Open chrisbetz opened 9 years ago
The mesos portion is fairly straightforward too -- I did that in the process of verifying Sparkling. You just have to change the master url to the mesos one, and rest is well, setting up a Mesos cluster and there are pretty good tutorials elsewhere for that part.

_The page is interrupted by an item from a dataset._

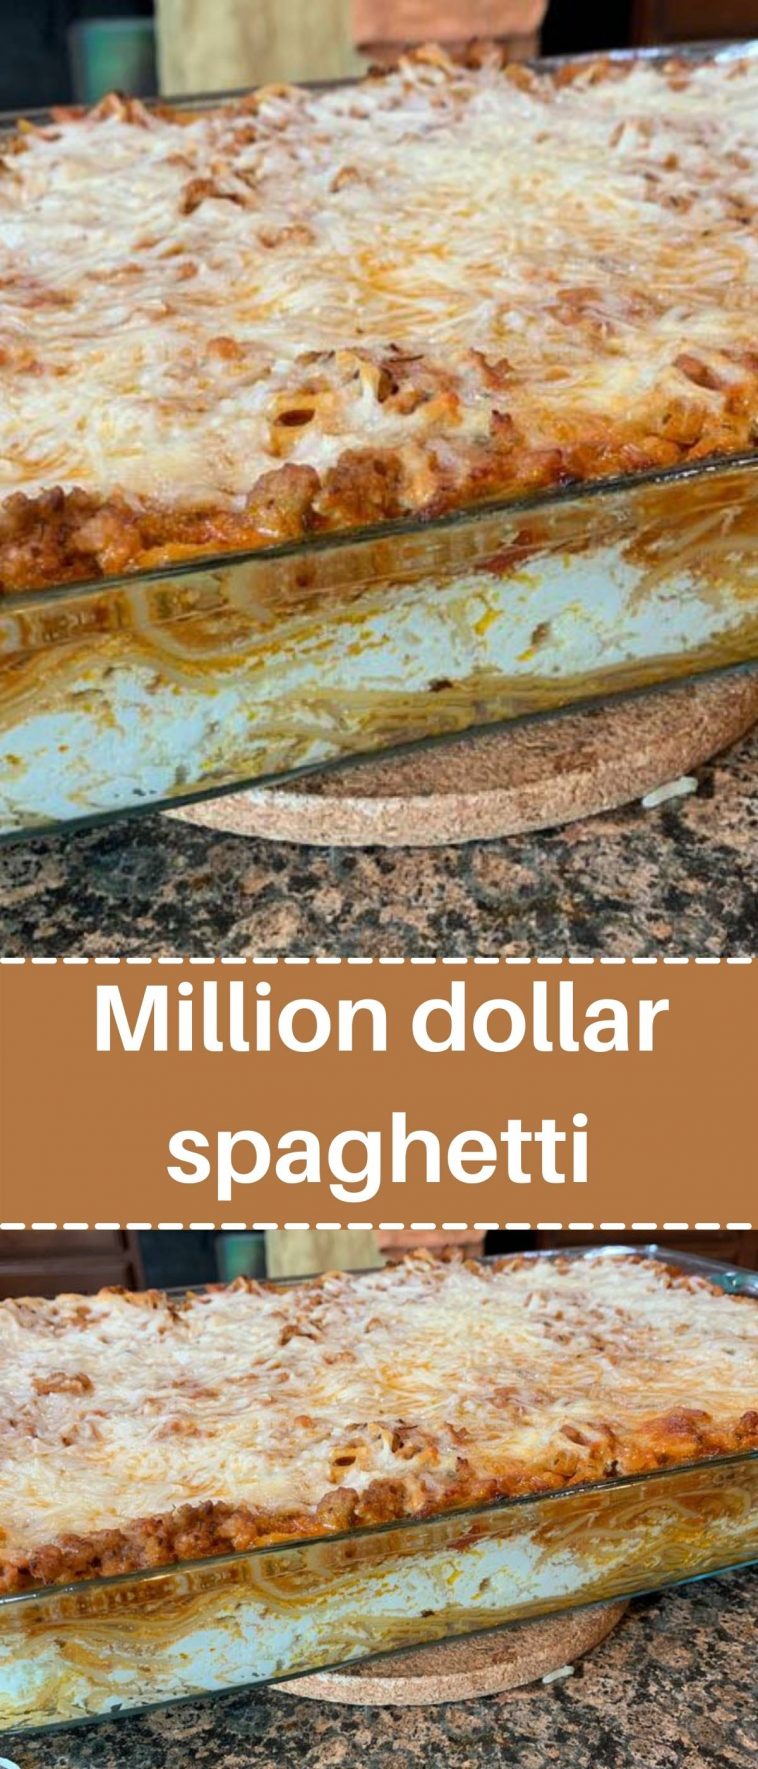 Million dollar spaghetti

I suggest the following function for the guide. I haven't tried this on anything other than local and mesos, so it could be different for various environments. For mesos, the master mesos://
url needs to be given. and the cluster-type
assigned.
(defn make-spark-context [cluster-type & {:keys [master] :or {master nil}}]
(let [ get-master #(condp = cluster-type
:local "local[*]"
:mesos master
:yarn master
:spark-cluster master)
c (-> (conf/spark-conf)
(conf/master (get-master))
(conf/app-name "Test")
(conf/set "spark.executor.uri" "hdfs://namenode/spark/spark-1.3.0-bin-hadoop2.3.tgz")
)]
(spark/spark-context c)))
Update: There's a lot of stuff that needs to be done to keep the classes in sync in Mesos case for a realistic guide.
is there any example code anywhere that could help me understand what's required to run over a cluster via YARN? The only thing i've come across is a presentation on http://www.slideshare.net/cb.betz/spark-and-clojure-2 slide #56 however there is no samples on how to do this.
What might the (conf/master ) parameters look like?
@joefromct There's nothing special in Spark config for YARN. Here's what I do.
(def spark-conf
(-> (conf/spark-conf)
(conf/master (System/getProperty "spark.master" "local[*]"))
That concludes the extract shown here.